Because Liberty Mutual's offers a variety of lines of business, ranging from personal auto, health and life insurance to commercial property insurance and workmen's compensation, the company has adopted a highly decentralized business unit structure. Although this is a powerful business model, it also has presented many challenges to Stuart McGuigan, Liberty Mutual's global CIO. Enterpriseleadership.org recently sat down with McGuigan, who was the former CIO of the $32 billion Medco Health Solutions, to discuss how IT delivers the technology required by the business units to meet marketplace demands. Here's what he had to say.
EL. Can you describe the structure of your IT organization?
SM. We have 3,000 people in a centralized IT organization. We don't bother to draw a dotted line to the businesses. We have established business CIO who report to me, but who sit on the staff of the president of the business units. These CIOs attend staff meetings, strategy sessions, and offsite meetings. Their entire focus and their passion include how to use technology to make the business more successful. This structure keeps everyone talking to each other. Although these CIOs work for me, I don't want the CIO supporting the personal markets business concerned with what the CIO of the commercial markets is doing, unless an initiative can help a CIO do something better, faster, and less expensive for a business unit.

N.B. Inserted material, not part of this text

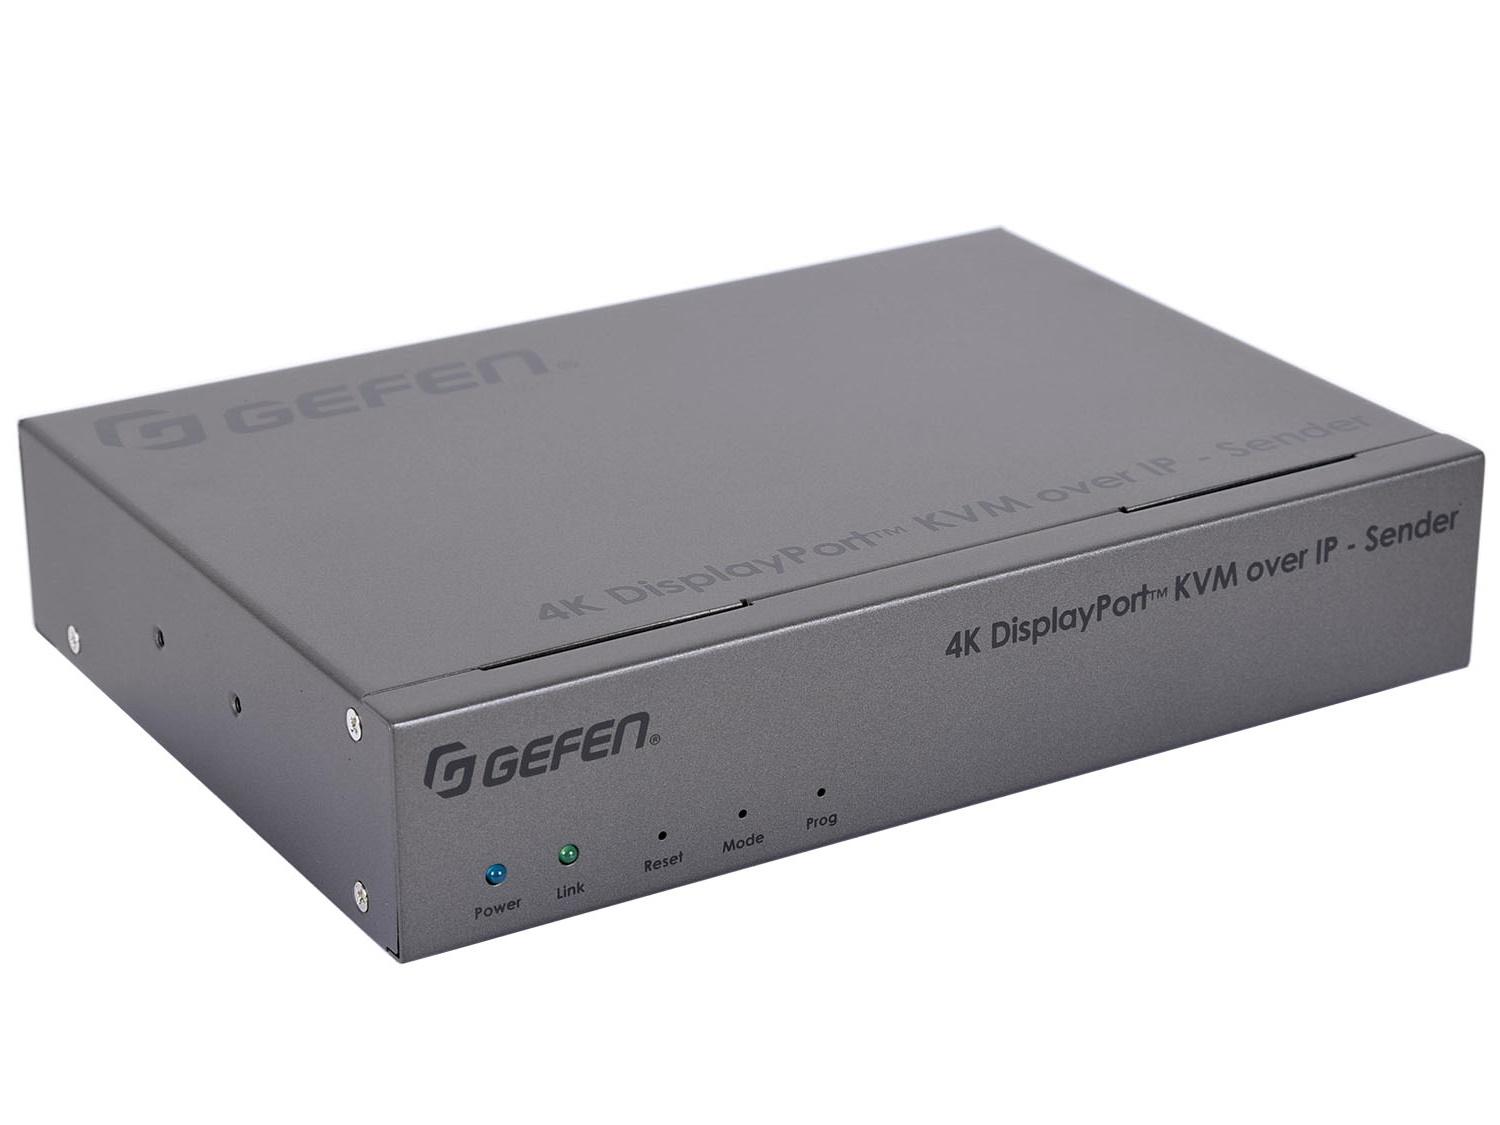 EXT-DPKA-LANS-TX 4K DisplayPort KVM over IP Extender (Transmitter) with USB/Audio/RS-232/IR by Gefen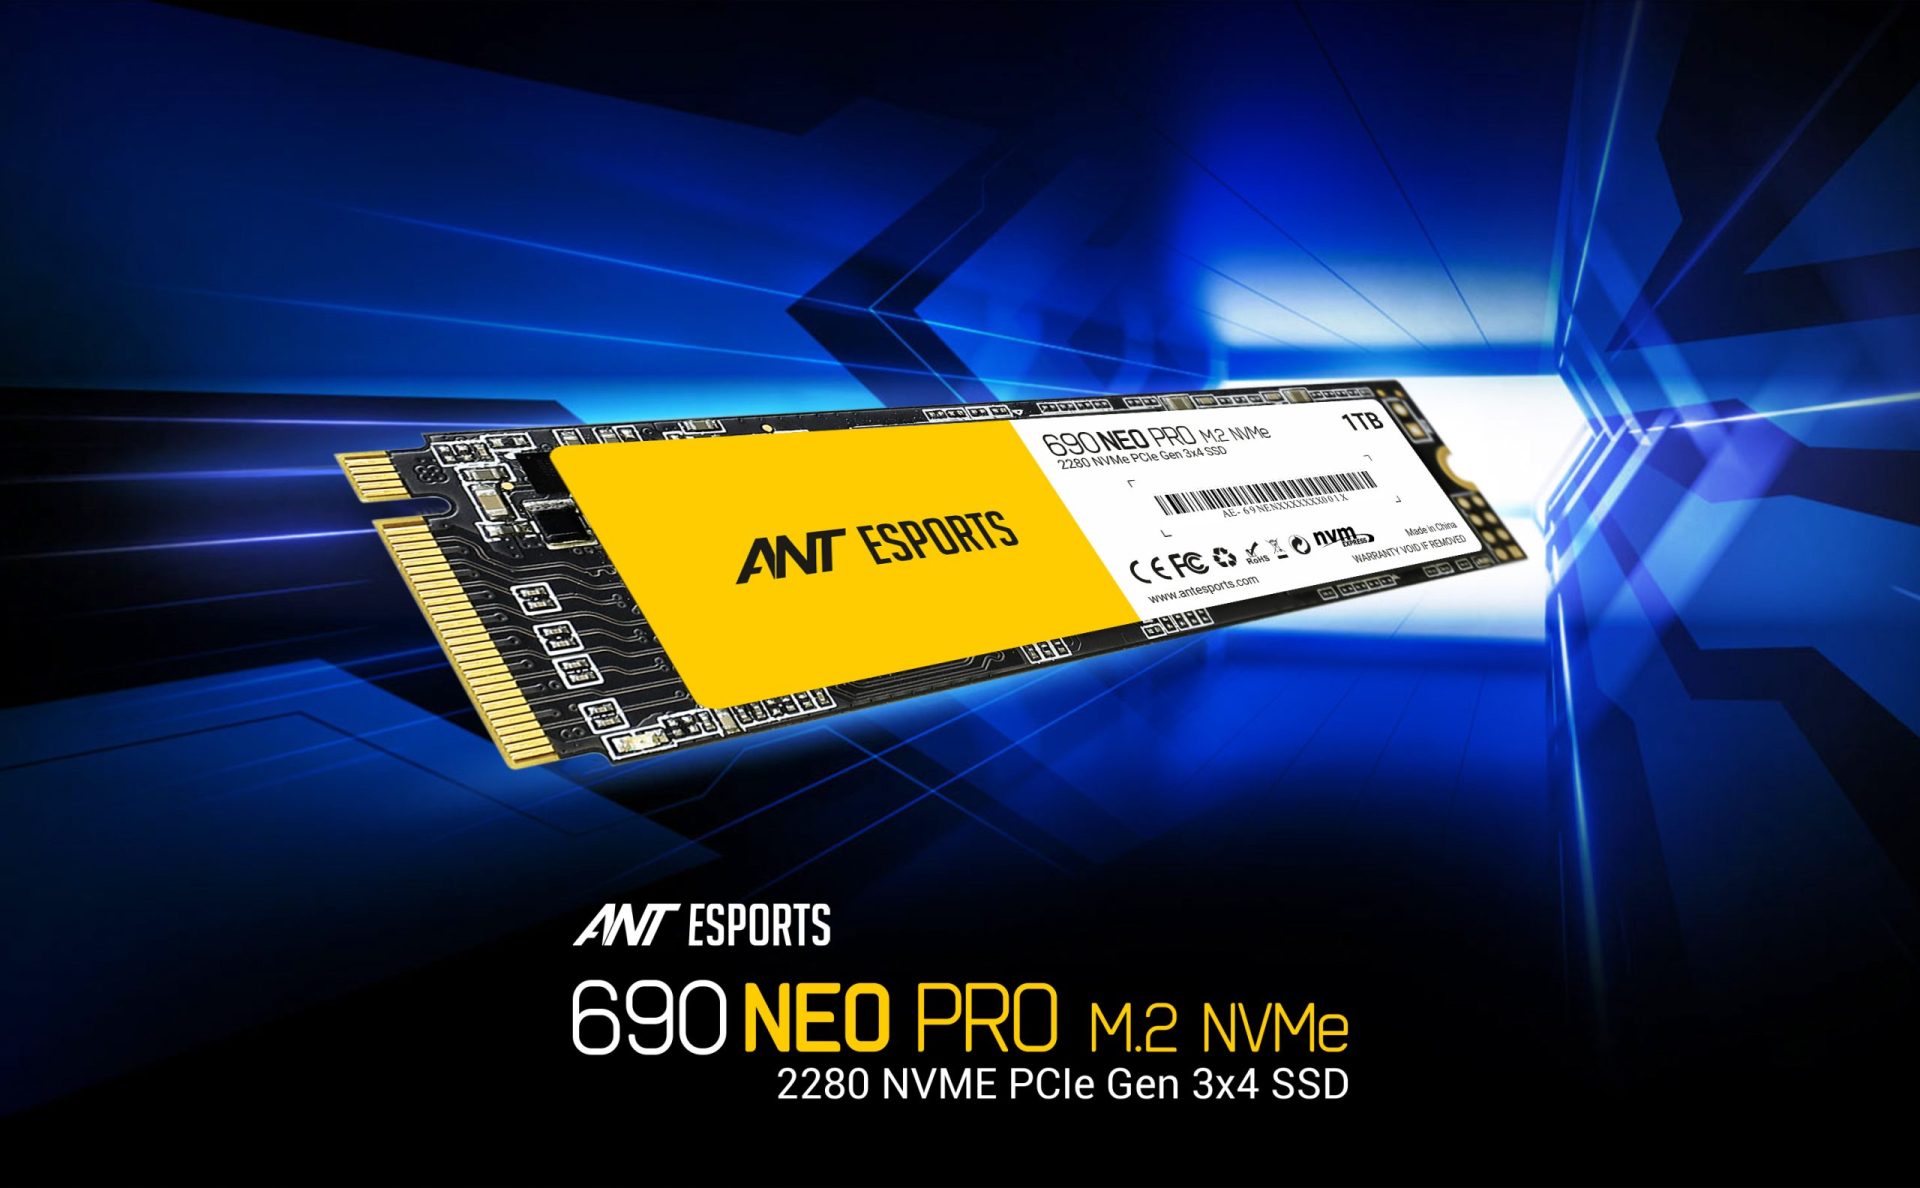 Ant Esports 690 Neo Sata 2.5 128 GB SSD - ANT E-SPORTS

EL. What factors can you attribute to Liberty's rapid financial growth to?
SM. We can attribute our success to Ted Kelly, our CEO, who came to us in the early 1990s. He discovered the secret of growing a large company with significant diseconomy of scale.
When I came to interview at Liberty Mutual with Kelly, I began to understand why management capacity has driven Liberty's growth rate in the insurance industry. Kelly empowers general managers to exploit everything from niches to significant markets with a tremendous amount of operational latitude, and with a certain amount of standards to minimize financial risks.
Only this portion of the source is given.